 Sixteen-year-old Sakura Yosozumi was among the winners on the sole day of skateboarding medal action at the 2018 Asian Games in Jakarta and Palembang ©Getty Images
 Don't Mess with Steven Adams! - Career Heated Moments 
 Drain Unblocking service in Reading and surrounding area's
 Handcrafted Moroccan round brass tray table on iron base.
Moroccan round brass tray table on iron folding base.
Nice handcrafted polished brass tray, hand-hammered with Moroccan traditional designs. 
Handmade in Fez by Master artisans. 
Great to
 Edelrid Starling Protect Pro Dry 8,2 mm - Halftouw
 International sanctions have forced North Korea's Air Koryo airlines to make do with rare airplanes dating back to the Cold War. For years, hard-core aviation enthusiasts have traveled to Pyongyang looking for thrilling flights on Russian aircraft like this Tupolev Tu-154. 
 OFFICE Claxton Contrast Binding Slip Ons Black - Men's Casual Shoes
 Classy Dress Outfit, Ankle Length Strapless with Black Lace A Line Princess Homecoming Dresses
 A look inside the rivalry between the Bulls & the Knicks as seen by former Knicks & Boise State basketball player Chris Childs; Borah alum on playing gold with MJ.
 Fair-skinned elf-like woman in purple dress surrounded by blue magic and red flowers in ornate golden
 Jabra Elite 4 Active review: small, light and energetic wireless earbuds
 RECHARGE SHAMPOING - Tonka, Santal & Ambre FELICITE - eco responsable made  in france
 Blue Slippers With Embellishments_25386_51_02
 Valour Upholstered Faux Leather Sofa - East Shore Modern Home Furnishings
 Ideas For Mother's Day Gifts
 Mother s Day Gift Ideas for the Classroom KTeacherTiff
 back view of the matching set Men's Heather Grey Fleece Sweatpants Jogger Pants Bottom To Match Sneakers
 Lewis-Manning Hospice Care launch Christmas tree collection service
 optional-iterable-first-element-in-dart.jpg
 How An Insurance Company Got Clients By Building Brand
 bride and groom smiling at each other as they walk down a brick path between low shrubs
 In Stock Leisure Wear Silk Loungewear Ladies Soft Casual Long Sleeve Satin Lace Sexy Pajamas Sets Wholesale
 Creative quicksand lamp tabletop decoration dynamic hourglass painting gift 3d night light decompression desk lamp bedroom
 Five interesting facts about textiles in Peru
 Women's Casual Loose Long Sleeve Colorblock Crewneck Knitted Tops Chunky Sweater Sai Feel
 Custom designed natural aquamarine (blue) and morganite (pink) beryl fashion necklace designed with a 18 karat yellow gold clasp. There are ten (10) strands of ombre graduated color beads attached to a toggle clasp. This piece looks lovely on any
- - - - - - -
→ **Task goal**:
There is a line with "How An Insurance" and a line with "Women's Casual Loose" above. Copy exactly those two lines and all lines between them, with nothing else.

→ **Problem solution**:
 How An Insurance Company Got Clients By Building Brand
 bride and groom smiling at each other as they walk down a brick path between low shrubs
 In Stock Leisure Wear Silk Loungewear Ladies Soft Casual Long Sleeve Satin Lace Sexy Pajamas Sets Wholesale
 Creative quicksand lamp tabletop decoration dynamic hourglass painting gift 3d night light decompression desk lamp bedroom
 Five interesting facts about textiles in Peru
 Women's Casual Loose Long Sleeve Colorblock Crewneck Knitted Tops Chunky Sweater Sai Feel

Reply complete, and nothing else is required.